I was wondering why plastisol transfer shipping is so high. Seems like $18 for a few pieces of paper is too much.


----------



## royster13 (Aug 14, 2007)

coodiny said:


> I was wondering why plastisol transfer shipping is so high. Seems like $18 for a few pieces of paper is too much.


How much does the shipment weigh?....Nothing seems to be very cheap these days as far as shipping....


----------



## coodiny (Apr 9, 2012)

Shouldnt weigh too much. Just 50 sheets of plastisol transfer paper


----------



## royster13 (Aug 14, 2007)

18.00 may seem a bit extreme......But I have found some suppliers add a "handling" charge is addition to freight....


----------



## ModernTreasures (Jul 9, 2014)

It's not just what the shipping company charges. You have all the costs involved with that shipment. Boxes, tape, labels, electricity, rent, insurance, employee costs and so on. It's like saying why don't you sell me that shirt for $1.09 (cost) and $1.00 for the transfer.

Just my opinion and how I look at it..


----------



## veetwincowboy (Mar 14, 2015)

A transfer company wanted to charge me a ridiculous freight charge a few months ago, even after the free shipping lie that they advertise. I pulled my order and bought from their competitor. I'm talking about a 700 dollar order that they tacked a 160 plus shipping charge on, the competition only charged 60 dollars for freight and made a customer for life, The first company lost me forever. I'm all about free enterprise and capitalism, but I know what shipping costs.
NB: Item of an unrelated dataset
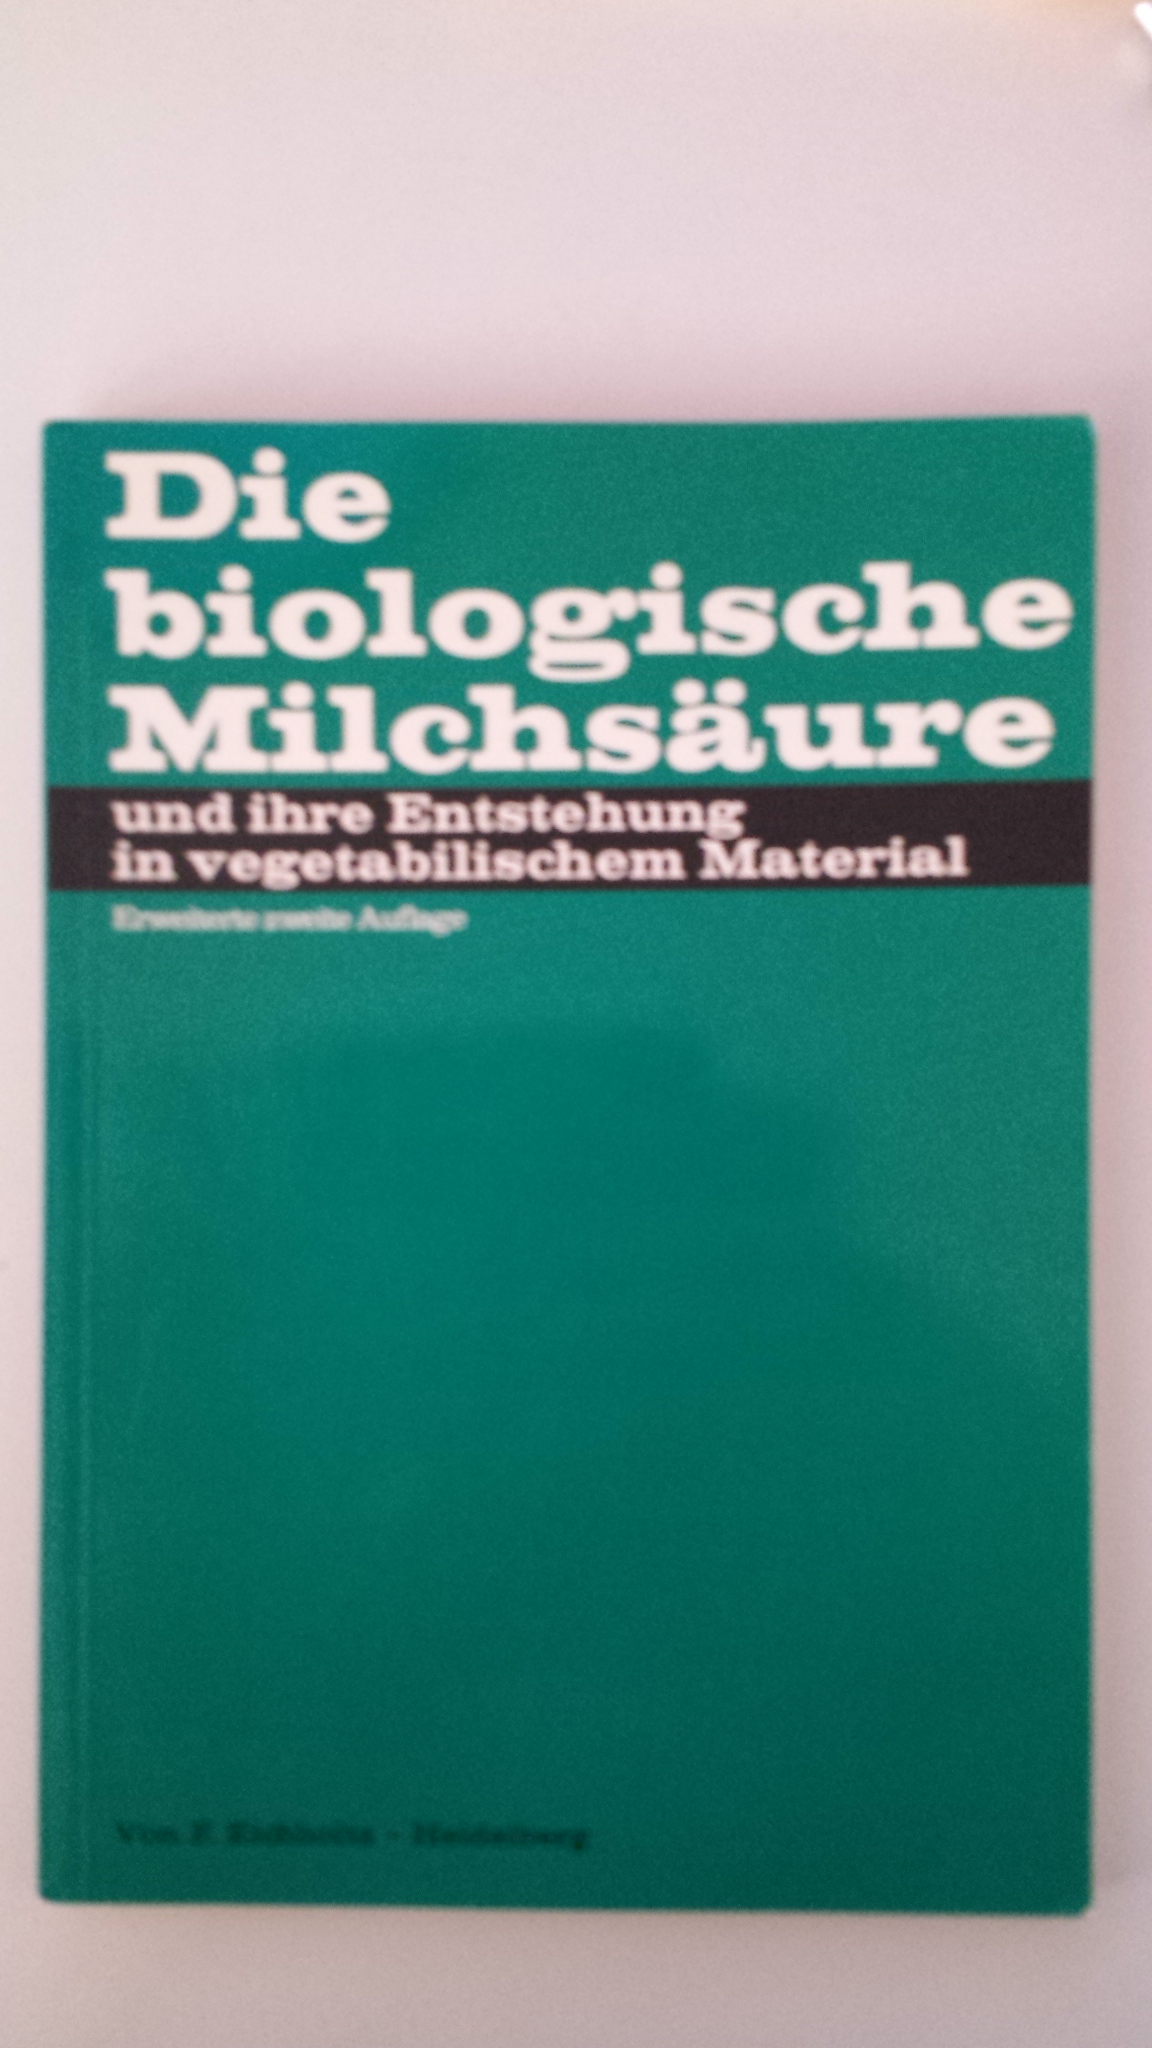 Buch: B145 Die biologische Milchsäure: und ihre Entstehung in vegetabilischem Material, 2. Auflage.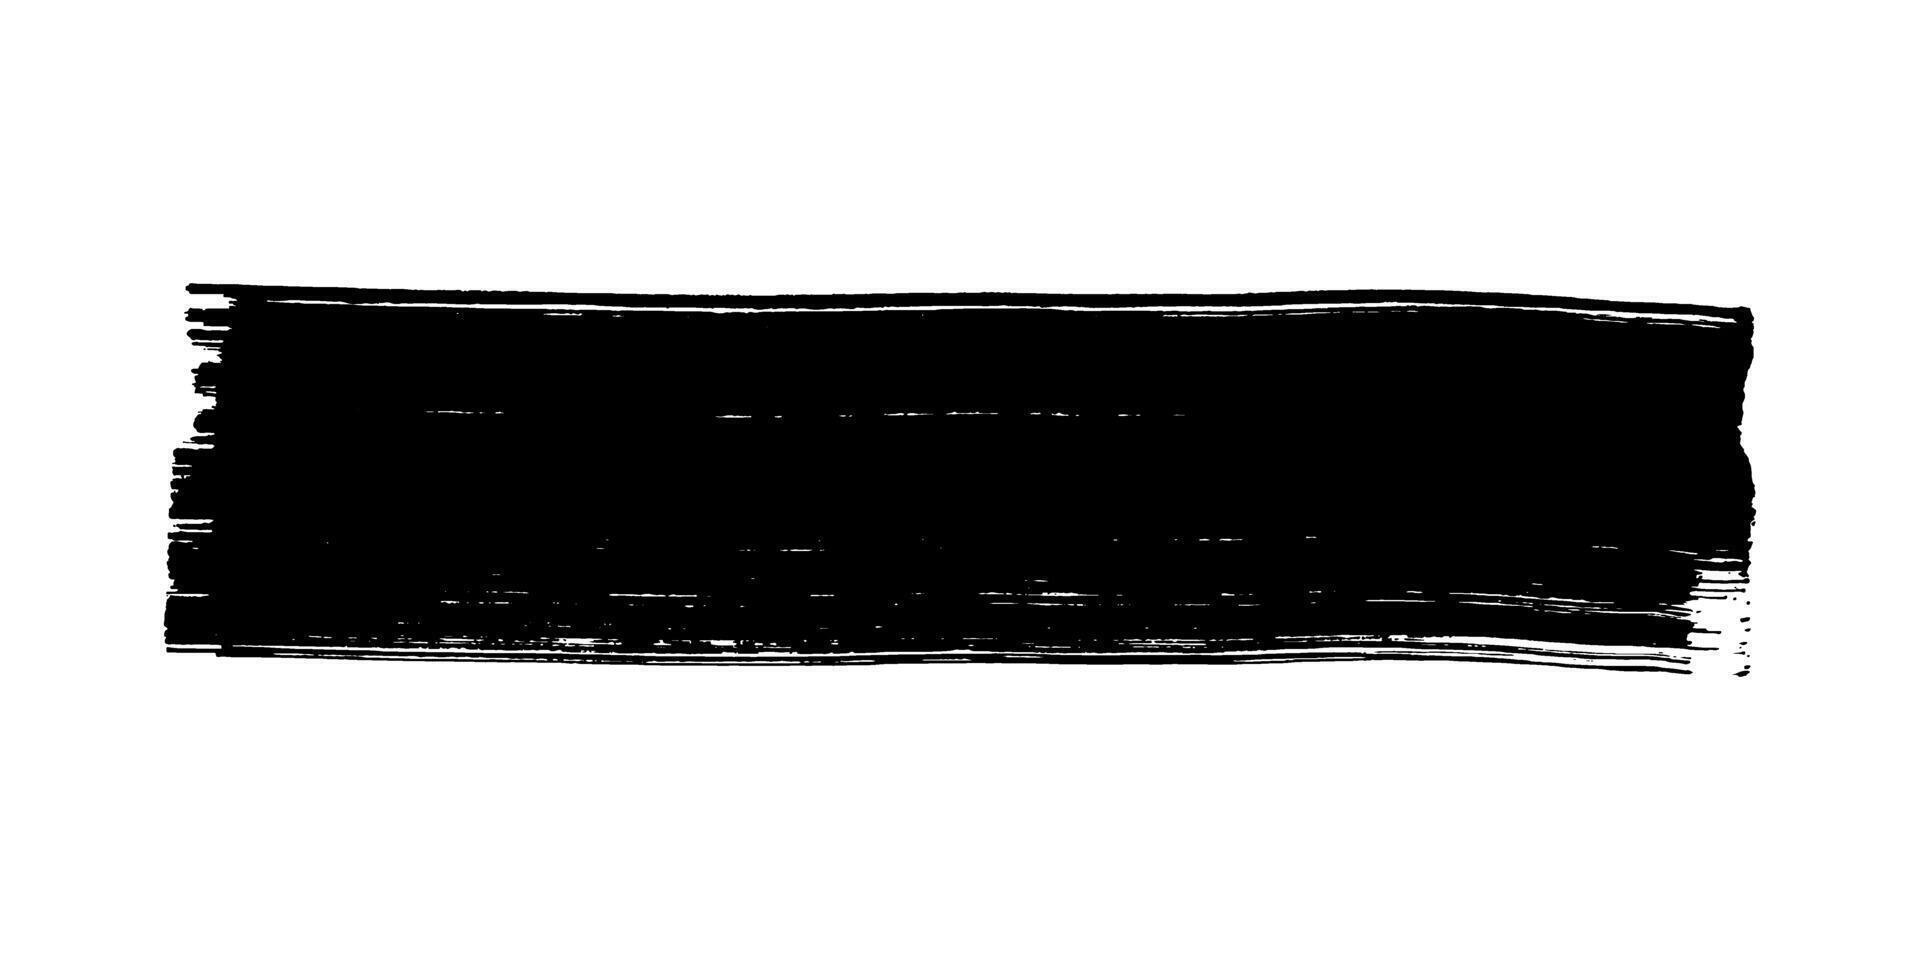 grassetto nero grunge annuncio pubblicitario elemento. inchiostro, pennello ictus isolato vettore

They might make all of their money from one customer, one time. but the loss in future sales will catch up to them..


----------



## splathead (Dec 4, 2005)

veetwincowboy said:


> A transfer company wanted to charge me a ridiculous freight charge a few months ago, even after the free shipping lie that they advertise. I pulled my order and bought from their competitor. I'm talking about a 700 dollar order that they tacked a 160 plus shipping charge on, the competition only charged 60 dollars for freight and made a customer for life, The first company lost me forever. I'm all about free enterprise and capitalism, but I know what shipping costs. They might make all of their money from one customer, one time. but the loss in future sales will catch up to them..


Even $60 seems high for something that's no more than 700 pages.

I just did a 700 sheet order at Versatranz and the shipping was like $29 _overnight standard!_

Over a certain amount, I think $200, they ship Fedex standard for the same price as ground. Nice.


----------



## wormil (Jan 7, 2008)

Shirts cost less to ship than transfers, apparently.  The cost of shipping has definitely gone up but any company that ships a lot, also gets big discounts from UPS/FedEX.


----------



## theinquisitor69 (Jun 24, 2011)

Versatrans shipping costs seem to be excessive. They are charging me $47 fed ex ground to Toronto. While Transfer Express is much cheaper and they are about the same distance from here.


----------



## royster13 (Aug 14, 2007)

theinquisitor69 said:


> Versatrans shipping costs seem to be excessive. They are charging me $47 fed ex ground to Toronto. While Transfer Express is much cheaper and they are about the same distance from here.


I thought Transfer Express consolidated their shipments to Toronto and shipped from there...If so, that might explain the lower cost....


----------